GIVEN INFORMATION:
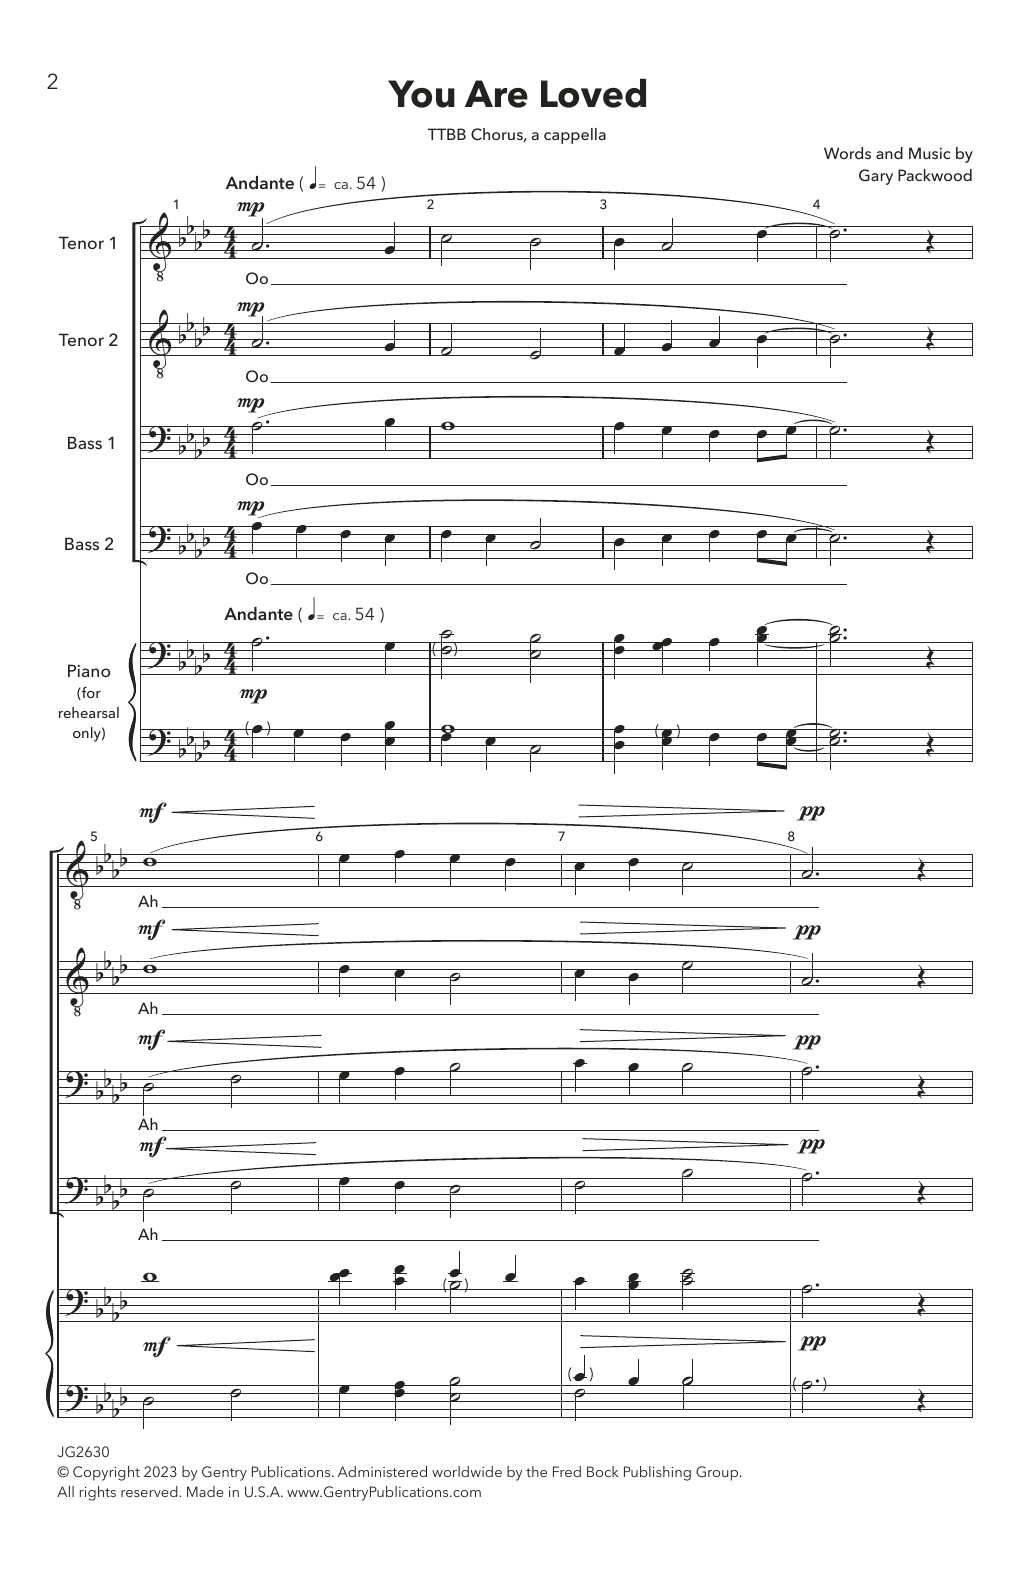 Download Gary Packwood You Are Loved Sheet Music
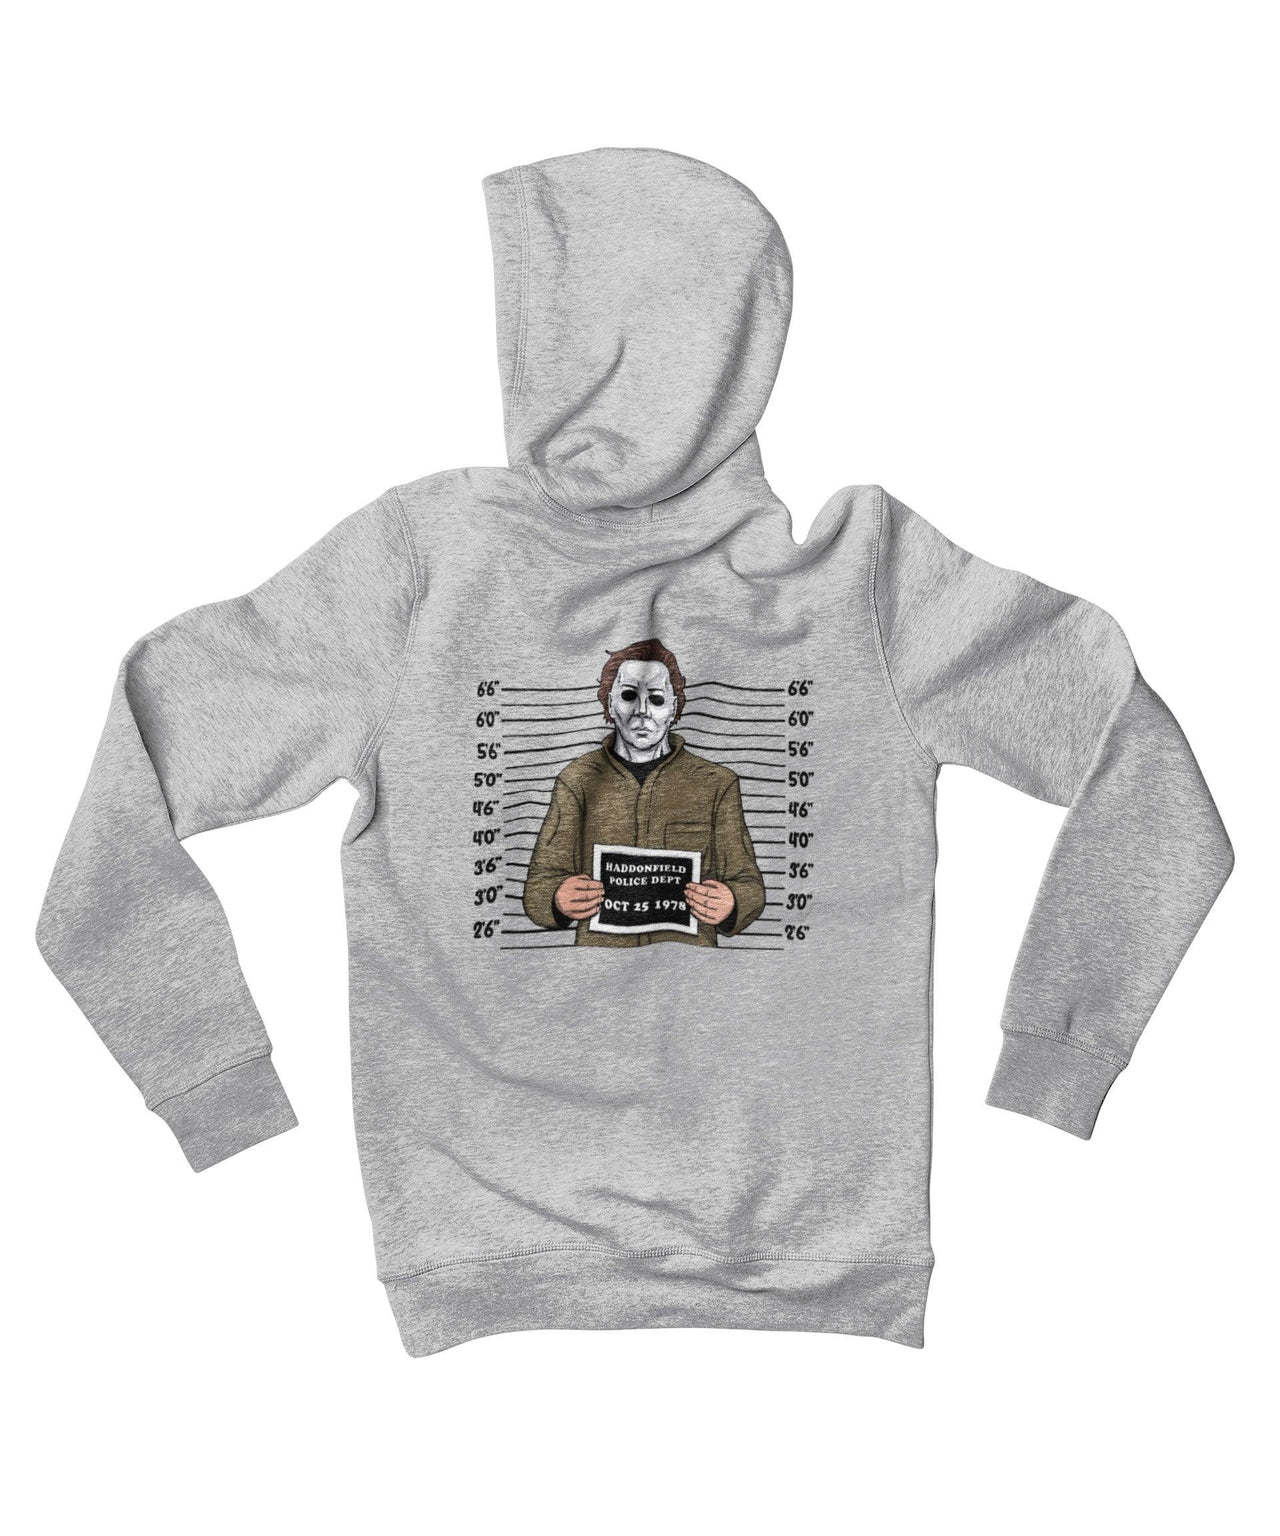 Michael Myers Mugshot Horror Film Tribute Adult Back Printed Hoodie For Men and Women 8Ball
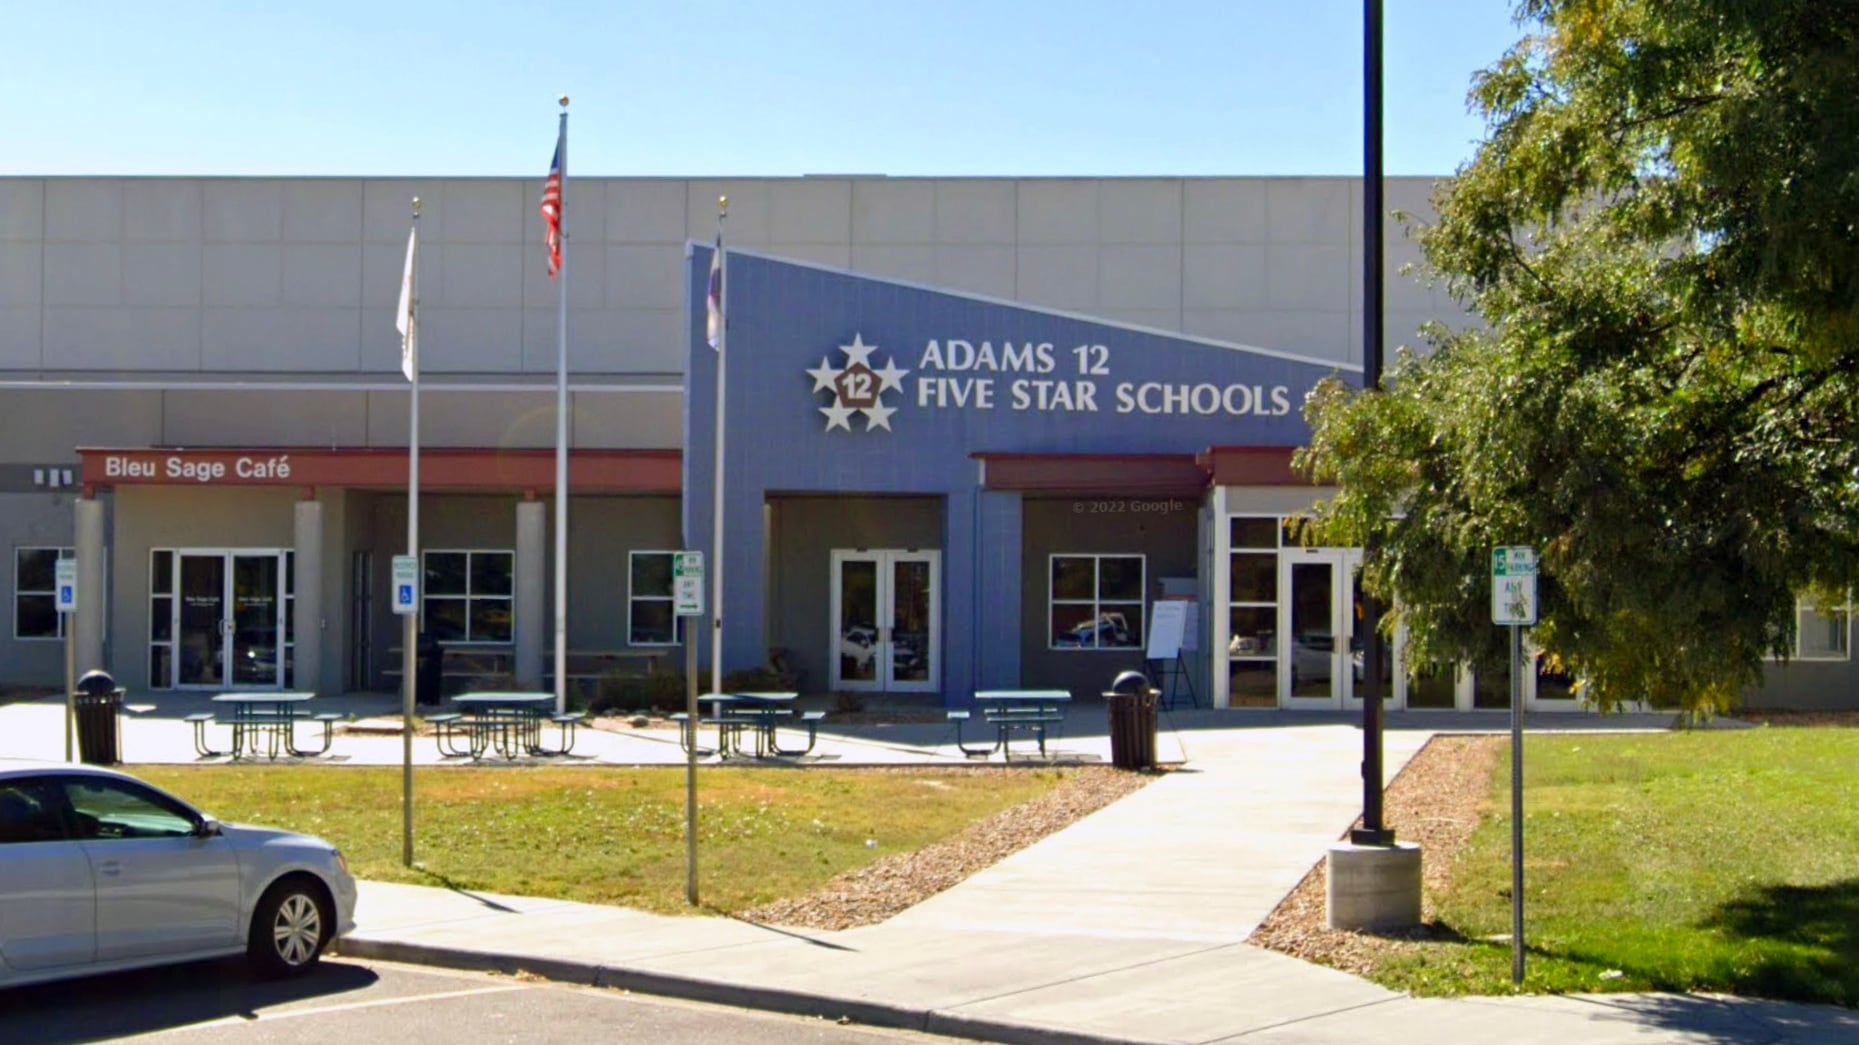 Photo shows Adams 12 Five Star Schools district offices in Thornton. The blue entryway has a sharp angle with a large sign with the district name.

INSTRUCTIONS FOR THE TASK: Write out exactly the lines from the line containing "Michael Myers Mugshot" through the last line of the listing above, please, and leave out any pictures.

RESULT FOR THIS EXERCISE:
 Michael Myers Mugshot Horror Film Tribute Adult Back Printed Hoodie For Men and Women 8Ball
 Photo shows Adams 12 Five Star Schools district offices in Thornton. The blue entryway has a sharp angle with a large sign with the district name.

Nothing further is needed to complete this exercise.